Isso porque é impossível guardar o frescor da infância com a experiência
madura”.
Que
venham mais livros de memórias dos bairros. O Brasil inteiro tem muitas Águas
Frias.
*Urariano
Motta é
natural de Água Fria, subúrbio da zona norte do Recife. Escritor e jornalista,
publicou contos em Movimento, Opinião, Escrita, Ficção e outros periódicos de
oposição à ditadura. Atualmente, é colunista do Direto da Redação e colaborador
do Observatório da Imprensa. As revistas Carta Capital, Fórum e Continente
também já veicularam seus textos. Autor de Soledad
no Recife (Boitempo,
2009) sobre a passagem da militante paraguaia Soledad Barret pelo Recife, em
1973, e Os
corações futuristas
(Recife,
Bagaço, 1997).
Enviado
por Direto da
Redação
(comentário enviado por e-mail e postado por Castor)

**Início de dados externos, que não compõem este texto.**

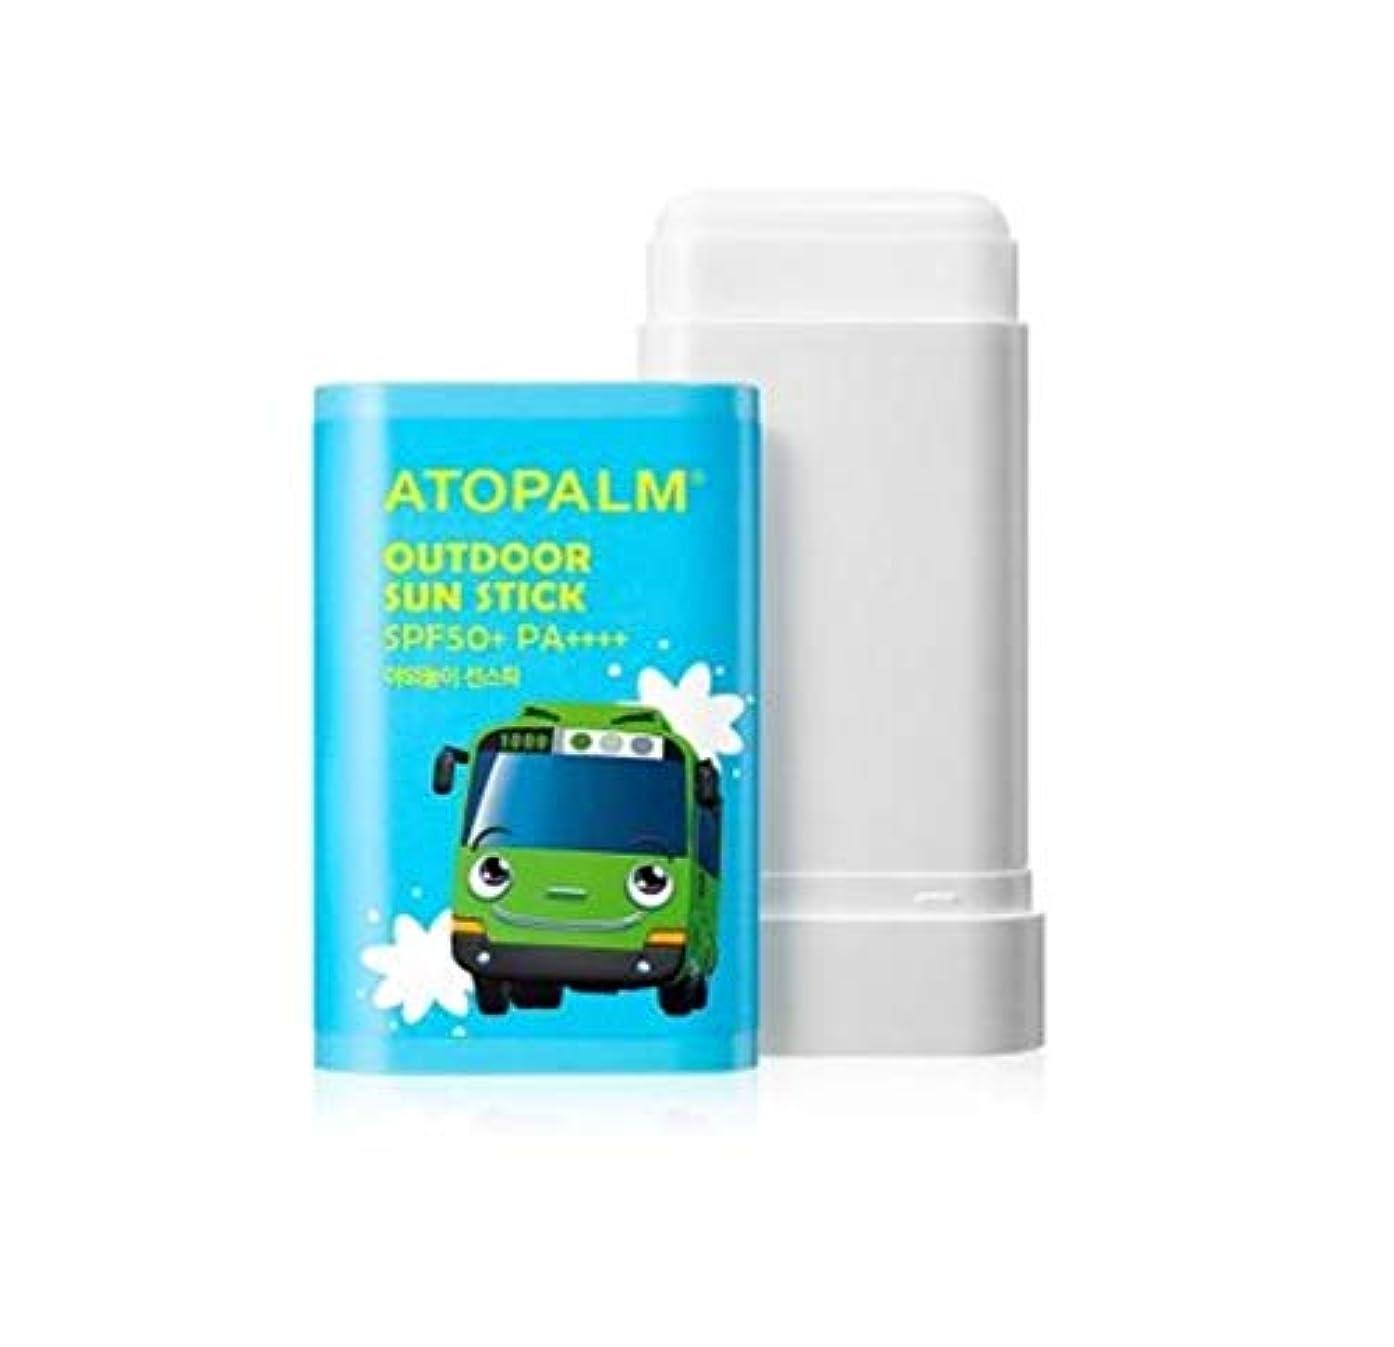 名詞夕食を作る噴火ATOPALM OUTDOOR Sun Stick (EWG all green grade!) SPF50+ PA++++ 日焼け止めパーフェクトUVネック?手?足の甲?部分的に塗って修正スティック [並行輸入品]

ResponderExcluirMas que descrição emocionante de um "livro de bairro",
como David Neves chamava cada um dos seus derradeiros(*) filmes (Muito prazer, Fulaninha e Jardim de Allah): filmes de bairro, inspirados em seu "cinema de molhos", assim também o falecido Poeta do Cinema Novo expunha sua teoria fílmica. O tema me fascina pessoalmente, já que, ambíguo como sou, tive uma infância-adolescência dividida entre Copacabana, Ipanema (anos-30), Centro e Penha Circular (anos-40/50), como Tati, a garota, de Aníbal Machado.
E como sempre você tem plena razão, mestre Urariano, nossos bairros estão à espera de mais letras e mais filmes. No meu Rio de nascença, aquele que deixou de existir vitimado pela "história rápida", só Vila Isabel logrou ascender á popularidade, graças a Noel, Aracy de Almeida, Aldir Blanc, visitantes ilustres e outros.

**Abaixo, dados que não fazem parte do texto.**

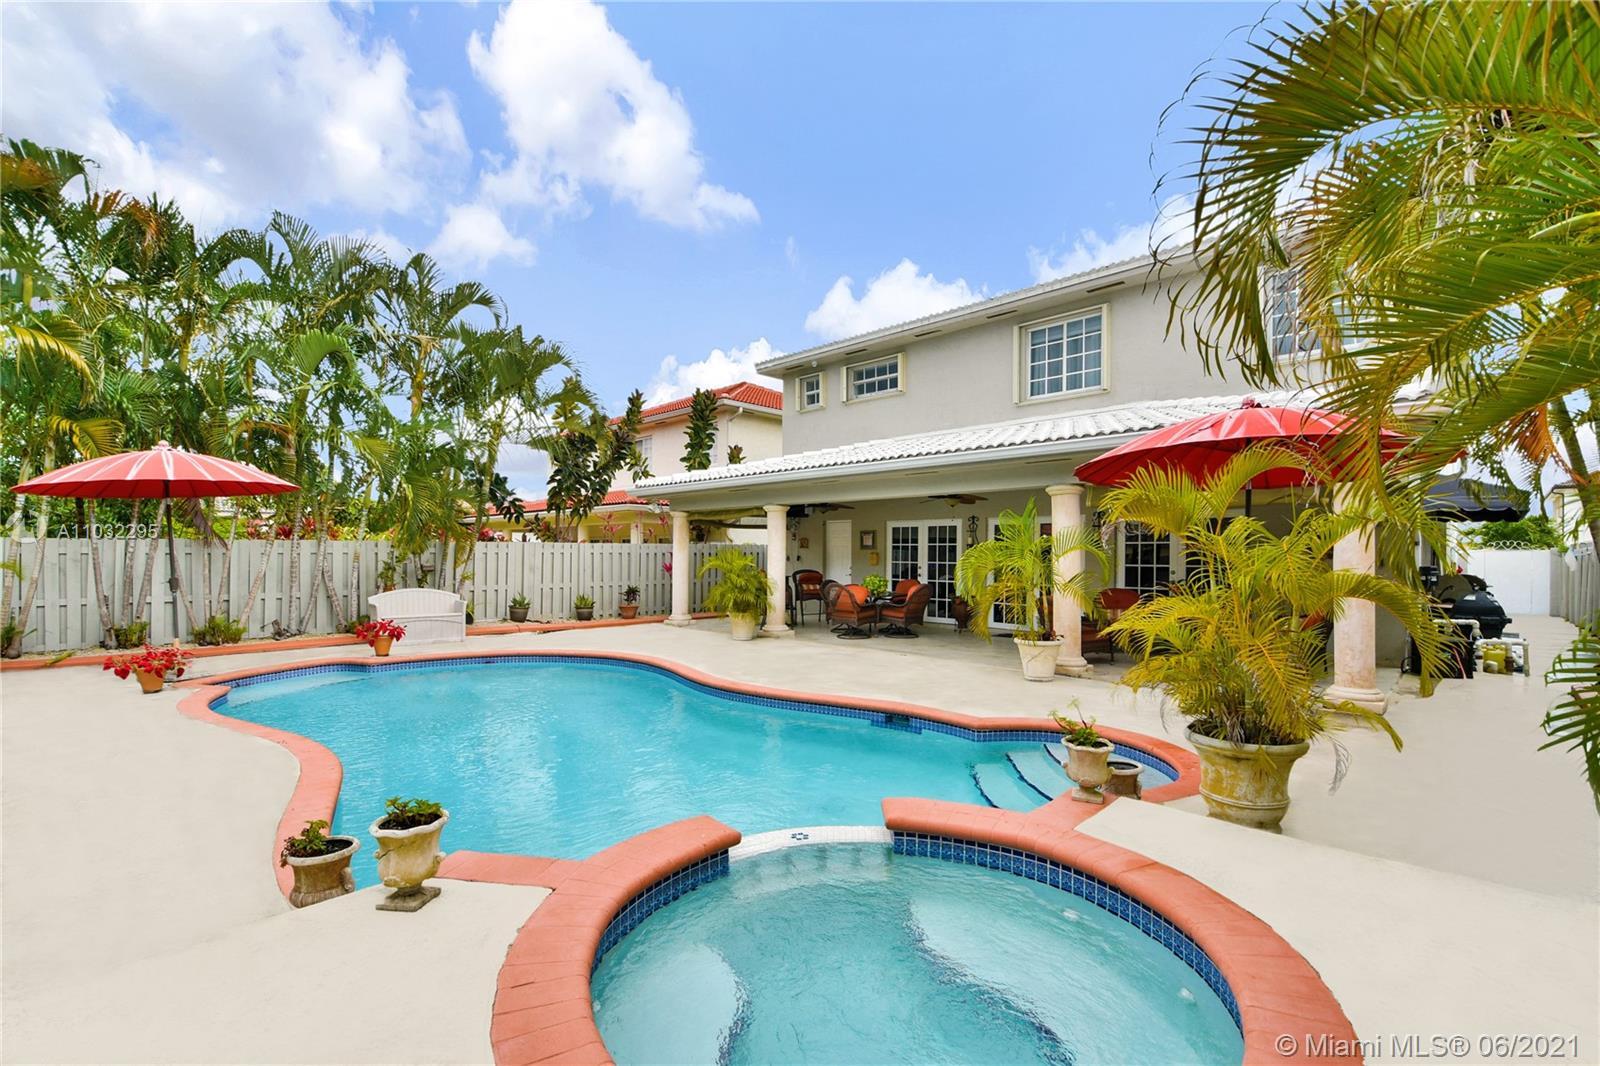 Miami Lakes - 8824 NW 146th Ln, Miami Lakes, FL 33018

Adorei a capa do livro, aquele Cine Império de modesta fachada art-déco suburbana, como os Penha, Brás de Pina, Santa Cecília, Olaria, Ramos e Bonsucesso dos meus tempos. Flash Gordon, Fu Manchu e filmes de guerra, "de mocinho", até os primeiros neo-realistas desfilariam diante dos meus olhos extasiados, acompanhando minha Vó (1944-49). Esta, ao meu lado, sentada naquelas cadeiras-de-pau, comentava em voz alta as crises dramatúrgicas de E o vento levou e Strômboli ("com aquela sueca sem-vergonha que abandonou o marido pelo italiano casado que fez essa porcaria de filme, com gente pobre o tempo todo!..."). As especulações imobiliárias do neocapitalismo demoliriam aqueles monumentos ou comerciantes e "evangélicos" as transformariam em mercadões e mercadinhos de alimentos, bugingangas e dos sonhos crentes de fieis.
Sou de uma geração sem TV - graças a Xangô, Aïrá, saravá! - esses pastores "bíblias" agenciados pela Direita Republicana, CIA et cataerva e os carrinhos de que o crédito safado facilita a aquisição e estragam nossas cidades. Progresso?
Guarde um exemplar, por favor, para a minha volta definitiva da Coreia do Norte, após meio século de carreira e 38 anos de exterior pelos cinco continentes... Seu bairro ensinou-lhe mais que todo esse mundo afora em que tenho vivido, pode crer, você o sabe.
Grande abraço de parabens aos aguafrienses do
ArnaC.
(*) Houve, claro, a feliz "interrupção" do ilhéu Luz del Fuego.